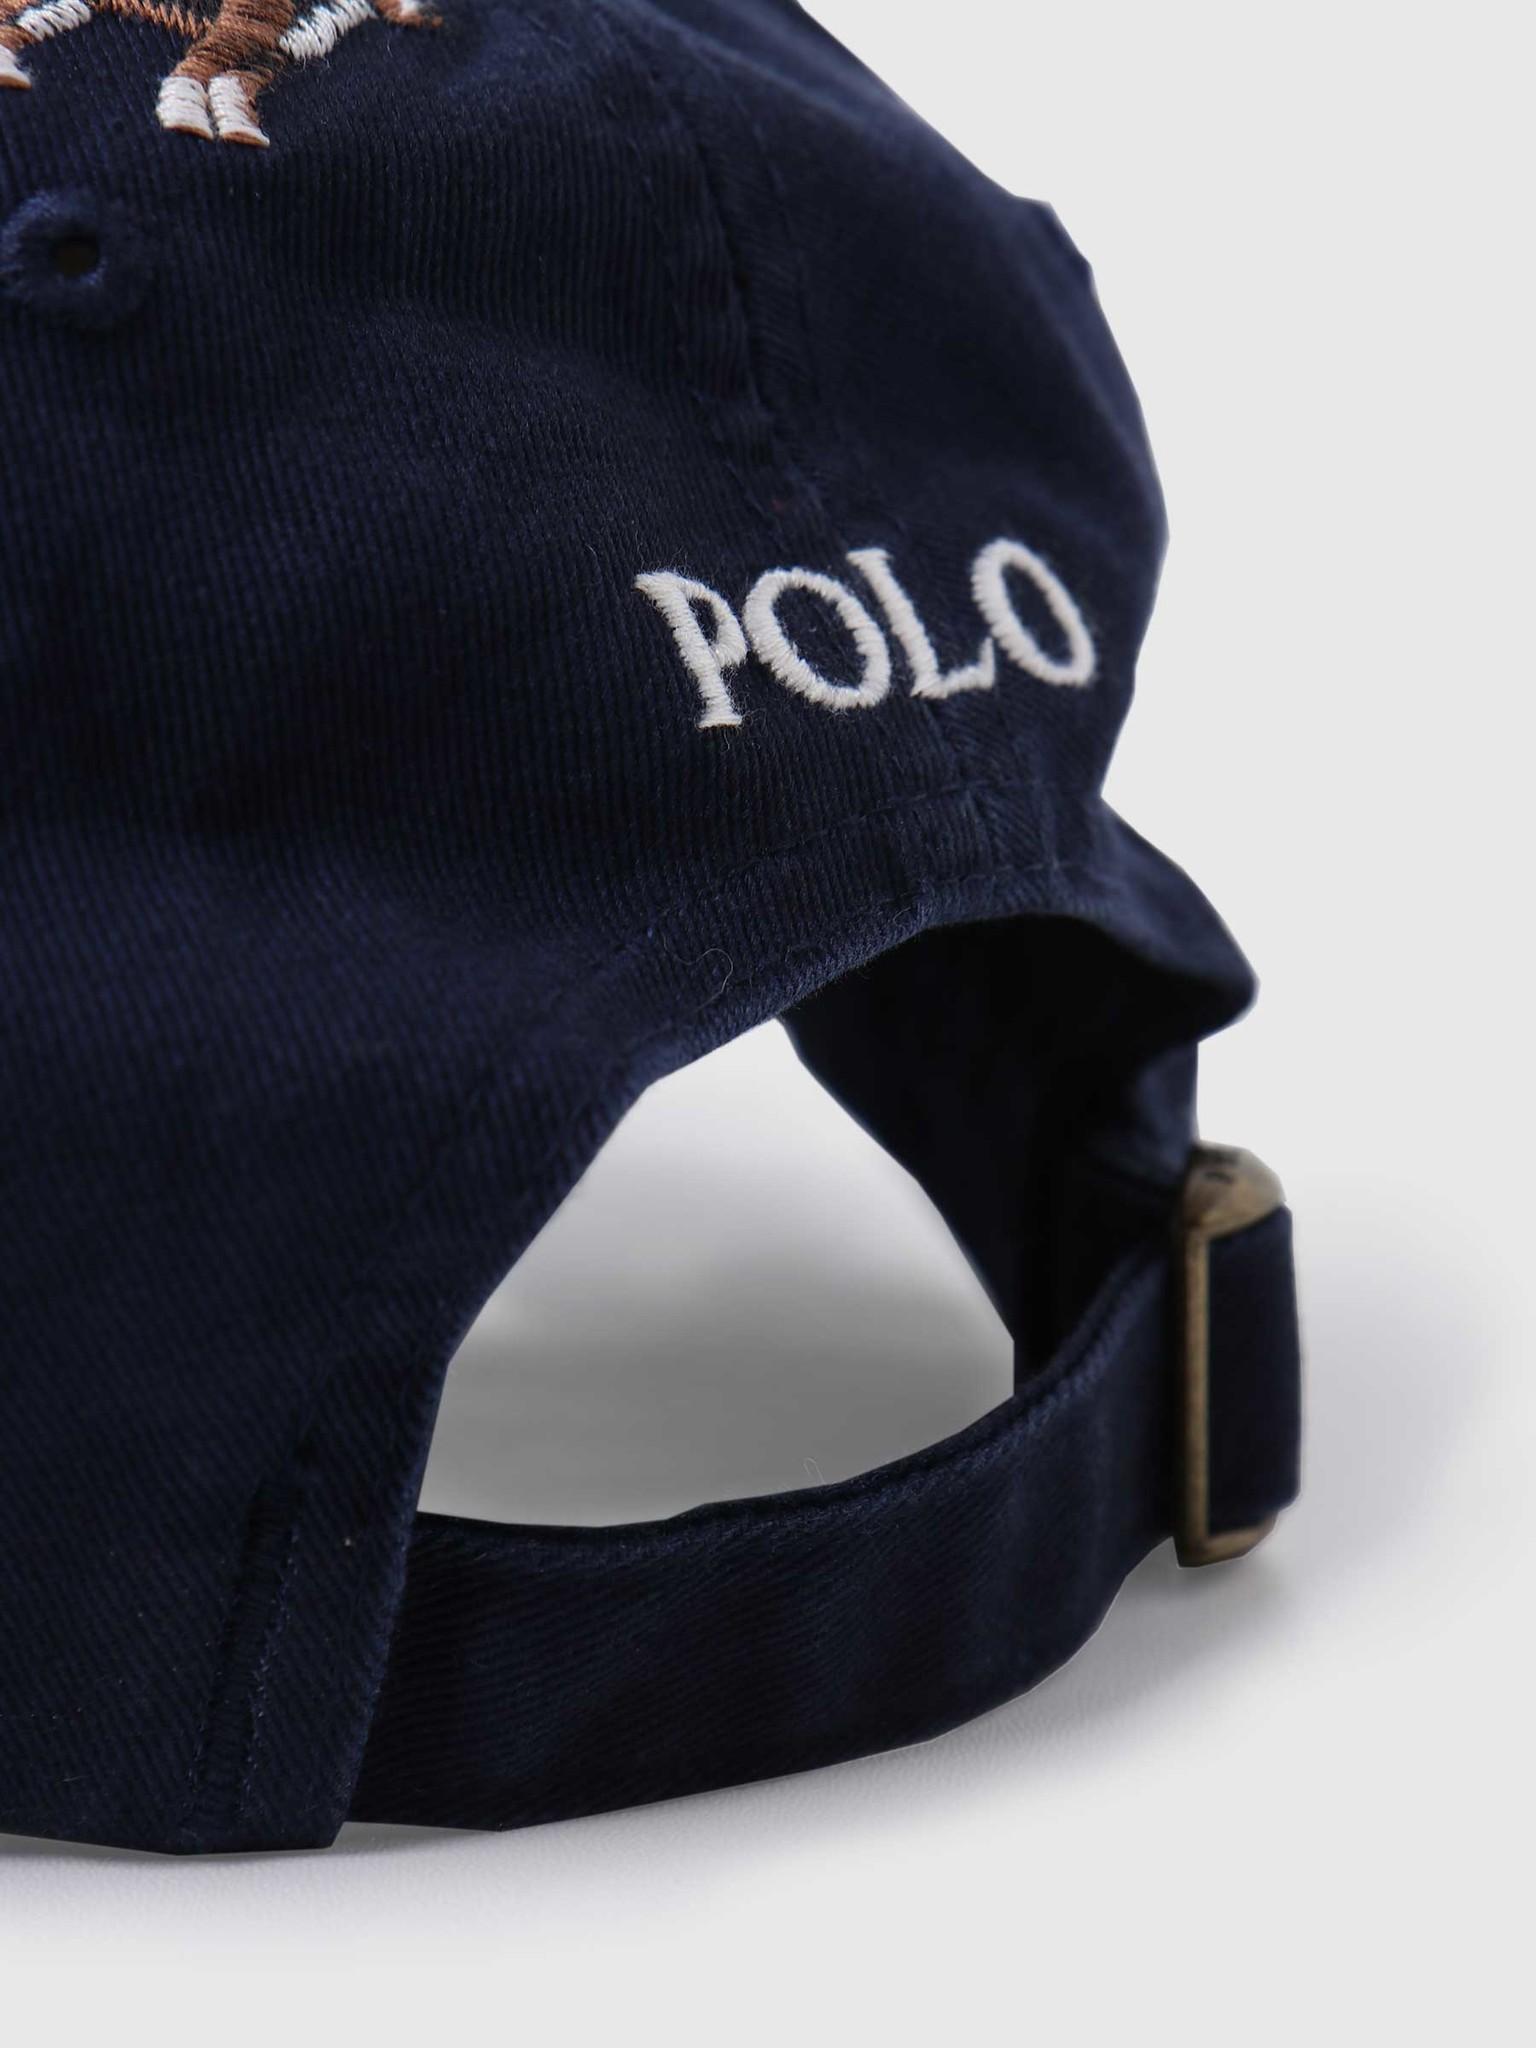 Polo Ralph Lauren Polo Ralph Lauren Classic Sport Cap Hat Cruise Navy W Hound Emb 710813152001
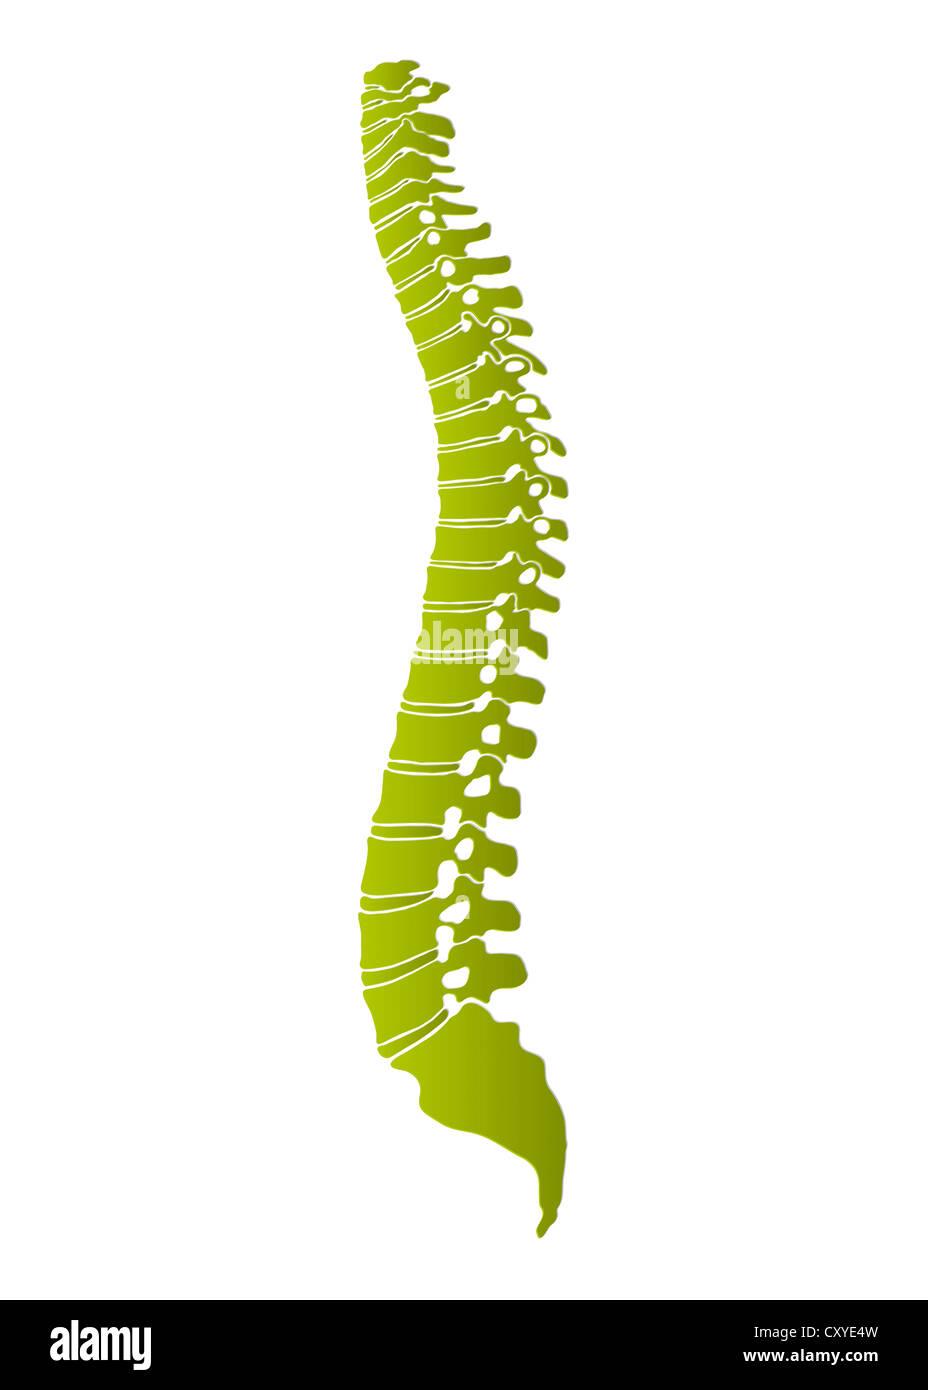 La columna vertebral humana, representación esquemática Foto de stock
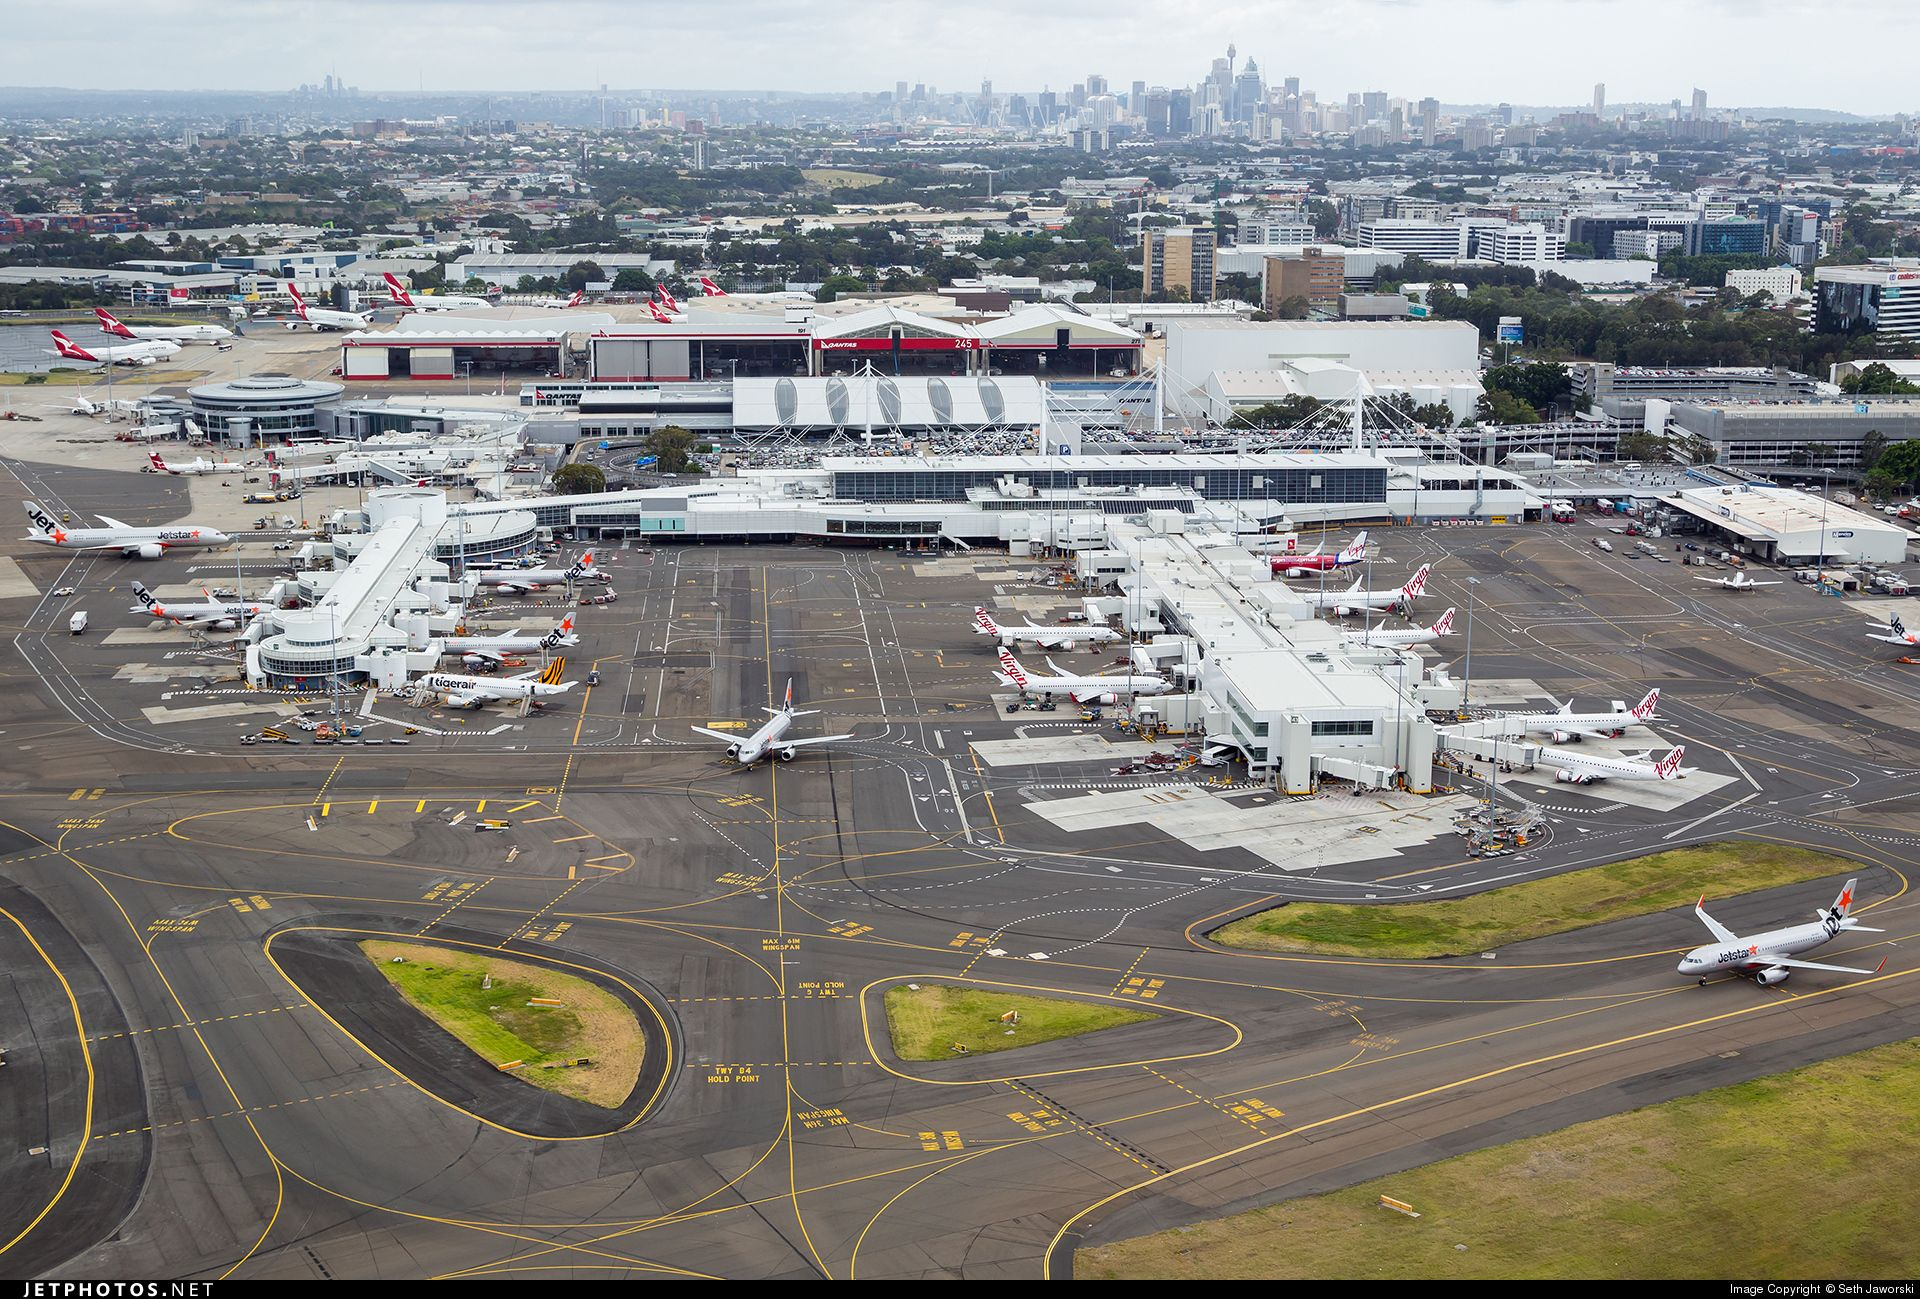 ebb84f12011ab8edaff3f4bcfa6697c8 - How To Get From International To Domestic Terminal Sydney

**Directions for this task**
Write out the data above exactly as it appears, but without any image.

**Response area**
 Polo Ralph Lauren Polo Ralph Lauren Classic Sport Cap Hat Cruise Navy W Hound Emb 710813152001
 La columna vertebral humana, representación esquemática Foto de stock
 ebb84f12011ab8edaff3f4bcfa6697c8 - How To Get From International To Domestic Terminal Sydney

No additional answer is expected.